# OUTPUT TRACKING ALGORITHM


---
Author: **Helvecio B. Leal Neto** & **Alan J. P. Calheiros**\
**National Institute for Space Research - Brazil - (2021)**



## About

This notebook is designed for viewing the tracking results of the storm/precipitation tracking algorithm beta version. The results presented here refer to the tracking of clusters via radar data provided by the GoAmazon project, for the following periods:

**Start**: 2014-09-07 00:00:00

**End**: 2014-09-09 00:00:00

The tracking threshold is:

* **20** dBZ
* inner 1 - ***35*** dBZ
* inner 2 - ***40*** dBZ

Minimum size threshold per cluster:

* **30** pixels
* inner 1 - ***15*** pixels
* inner 2 - ***10*** pixels

## Dependencies libraries

In [5]:
import sys
sys.path.append("../")

import stanalyzer as sta

frame = sta.read_file('../tracks/S201409070000_E201409100000_VDBZc_T20_L5.pkl')

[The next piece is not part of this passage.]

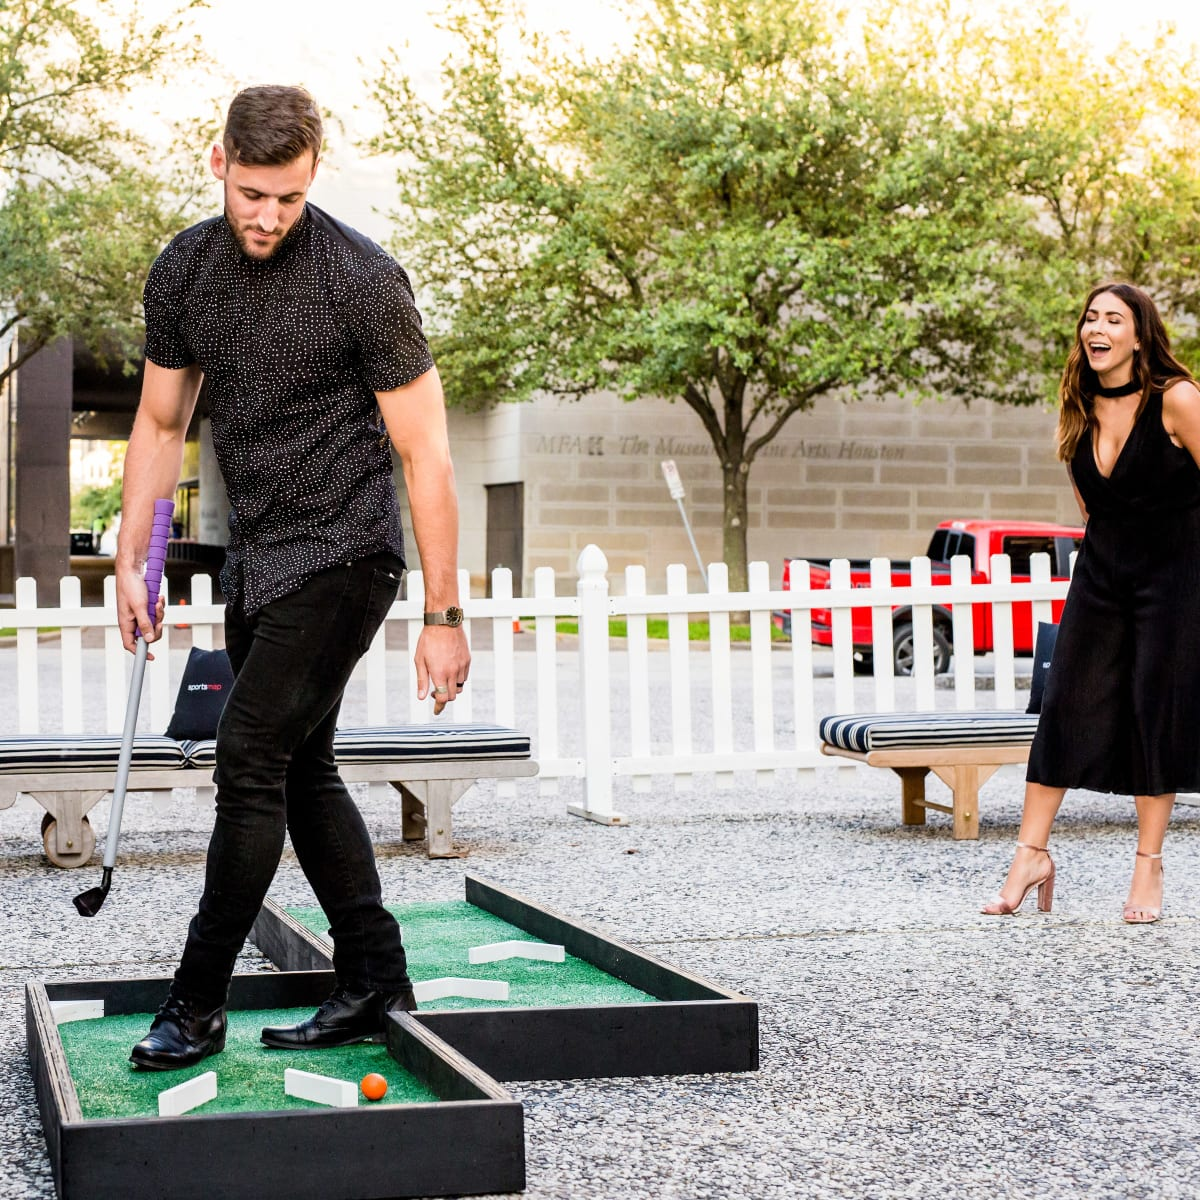 Houston, SportsMap launch party, October 2017, Sam Windsor, Becca Windsor
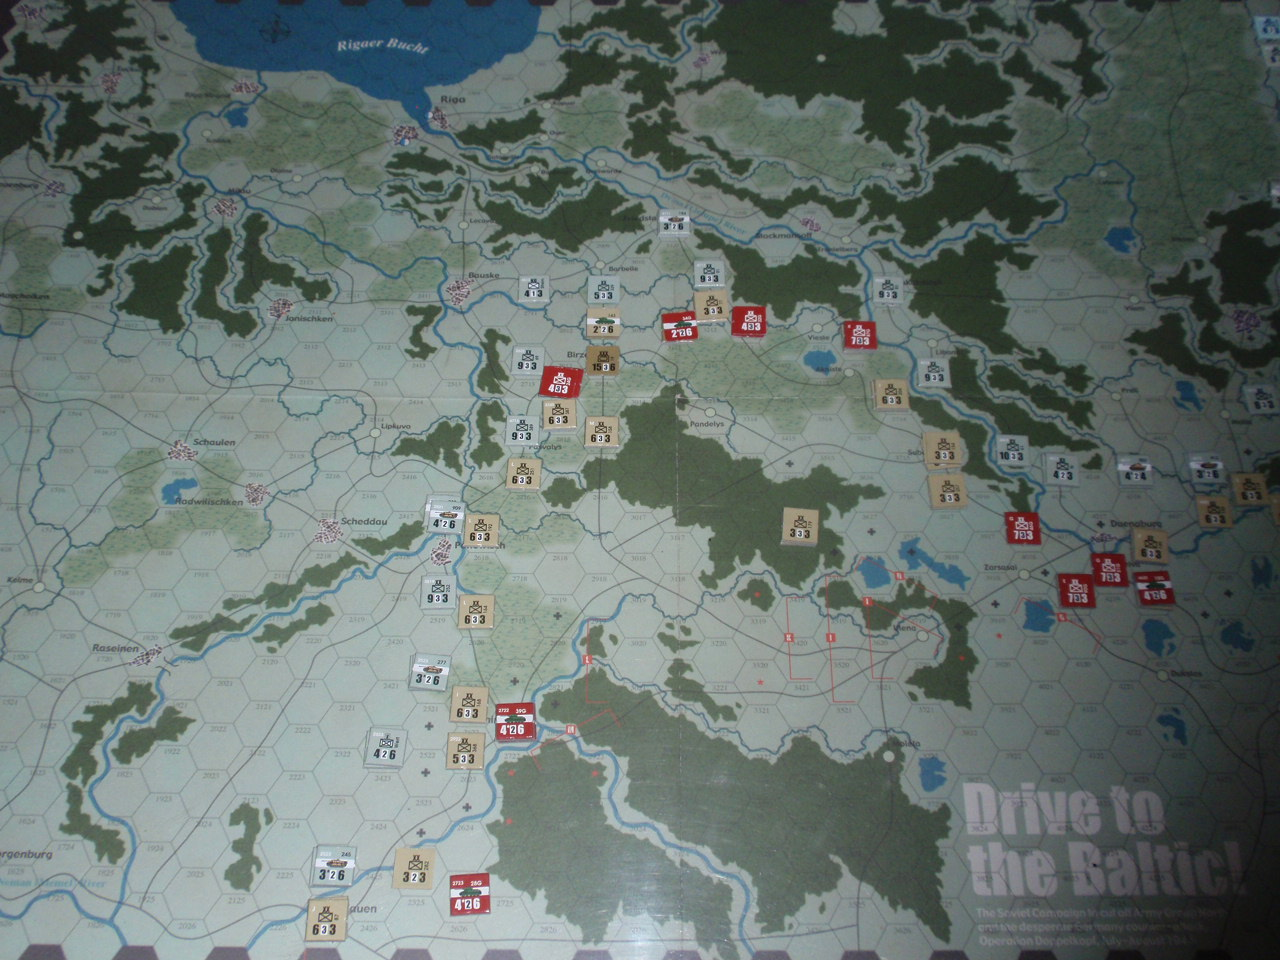 MIH/CMJ「Drive to the Baltic!」をソロプレイ①_b0162202_10324258.jpg

# print(sta.life_cicle(frame))

In [None]:
help(sta.read_file)

In [None]:
import pandas as pd

In [None]:
### PATH
PATH_FILE = '../tracks/S201409070000_E201409100000_VDBZc_T20_L5.pkl'

In [None]:
### Read tracking file
df = sta.read_file(PATH_FILE)
df.head()

In [None]:
sta.life_cicle()

In [None]:
def life_cicle(dframe):
    
    ## Group by uid
    grouped_frame,life_time,uid_,start_,end_ = [],[],[],[],[]
    for group in dframe.groupby(pd.Grouper(key="uid")):
        grouped_frame.append(group)

    ## Calculate by initial time and final time
    for f in range(len(grouped_frame)):
        life_time.append(len(fam_iop1_all_true[f][1]))
        uid_.append(fam_iop1_all_true[f][1].uid.values[0])
        start_.append(fam_iop1_all_true[f][1].timestamp.values[0]),end_.append(fam_iop1_all_true[f][1].timestamp.values[-1])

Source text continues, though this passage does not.